Anyone going into Ridley Scott’s Napoleon with a less than comprehensive knowledge of French history is unlikely to come out any wiser. With Scott and writer David Scarpa playing fast, loose and sketchy with history, the more you know, the easier it will be to fill in the considerable blanks.

With Napoleon, Scott has transformed himself into cinema’s premier epic auteur. And in truth, there are few subjects that could be quite as tempting for Scott’s large-format filmmaking as the life of one of history’s great military minds. 

The meandering Napoleon is by no means a complete biopic. Instead, it dwells on general and eventually Emperor NapoleonBonaparte’s (Joaquin Phoenix, who was more engaging in Scott’s Gladiator) key Wikipedia-friendly milestones: Battles of Toulon and Austerlitz; his undoing at Waterloo; his exiles at Elba and Saint Helena, and his romance with consort, wife and later Empress Joséphine (Vanessa Kirby, the Mission: Impossible series’ White Widow). 

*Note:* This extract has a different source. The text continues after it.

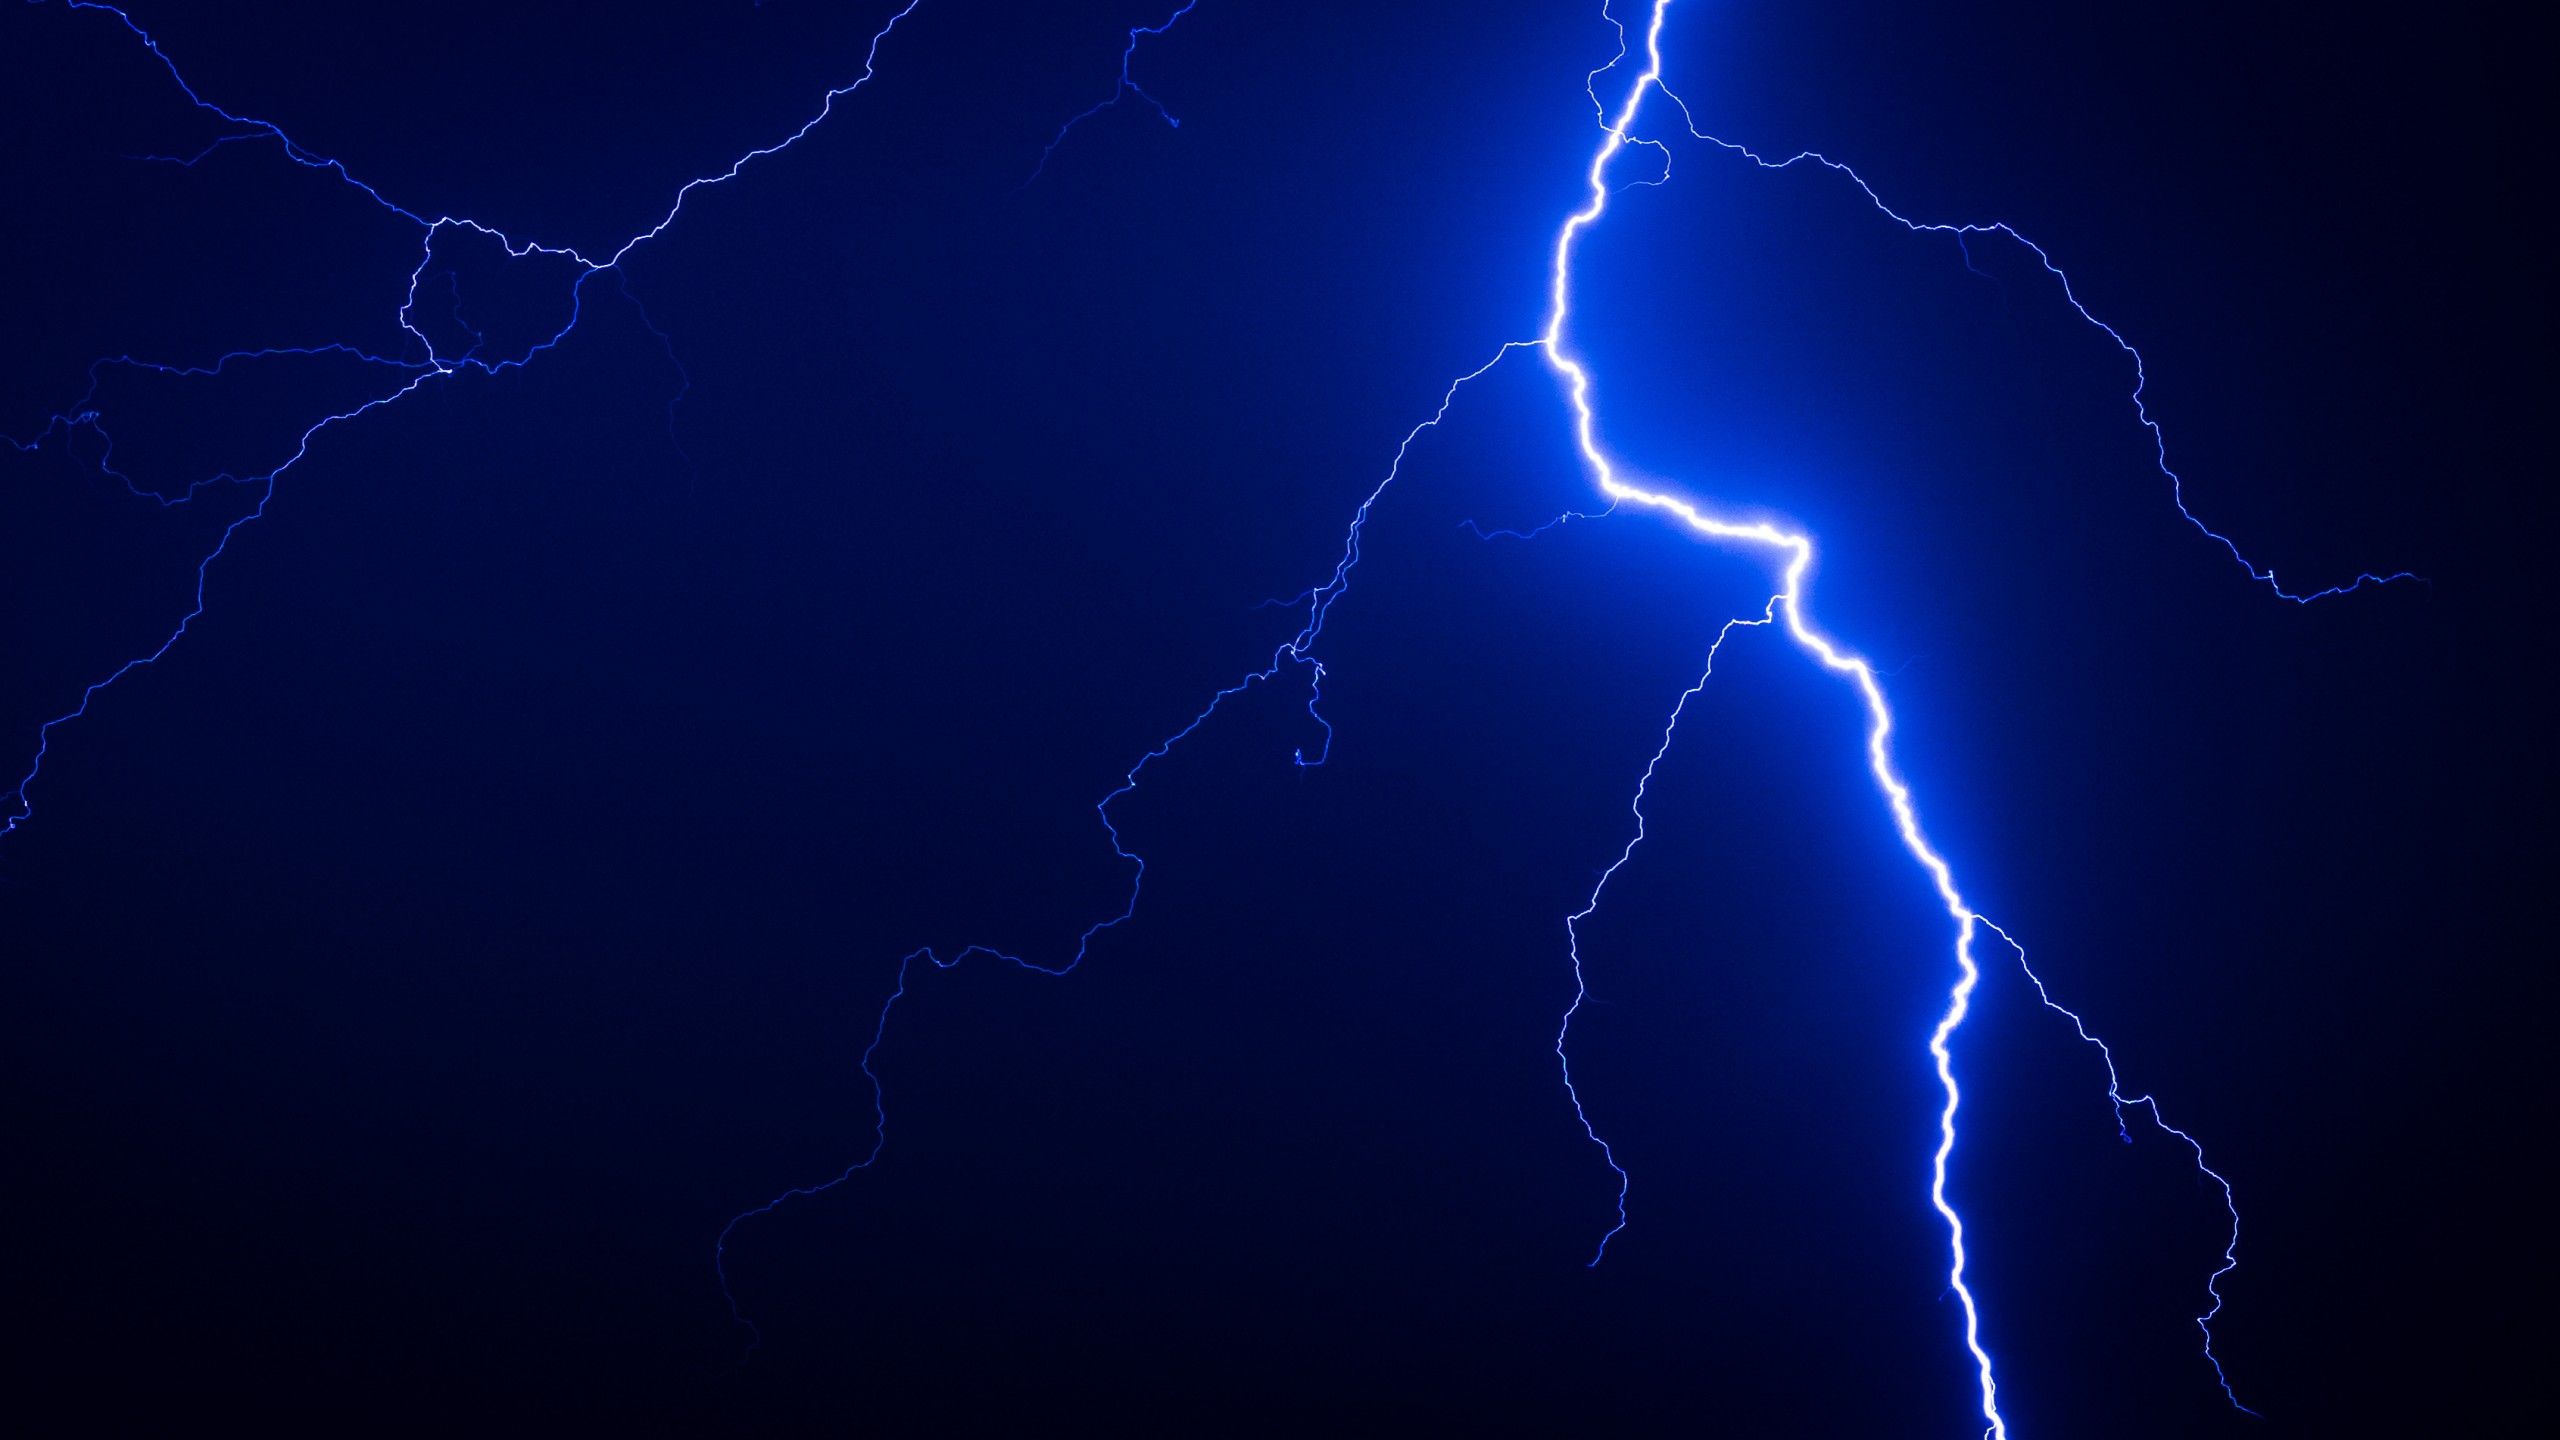 Wallpaper Lightning, Thunderstorm, Blue, Night, 4K, Photography,. Wallpaper for iPhone, Android, Mobile and Desktop

The story begins with Bonaparte as midlevel soldier, insecure over his Corsican roots and eager to prove his worth. He scores several post-French Revolution tactical victories over royalists and the British, the Holy Roman Empire and the Russian armies before declaring himself emperor. Along the way he meets the manipulative, opaque Joséphine, who becomes his wife and empress — at least until she fails to provide an heir.

Napoleon, directed by Ridley Scott, written by David Scarpa. Starring Joaquin Phoenix and Vanessa Kirby. USA/UK, 157 minutes, IIB. (PHOTO PROVIDED TO CHINA DAILY)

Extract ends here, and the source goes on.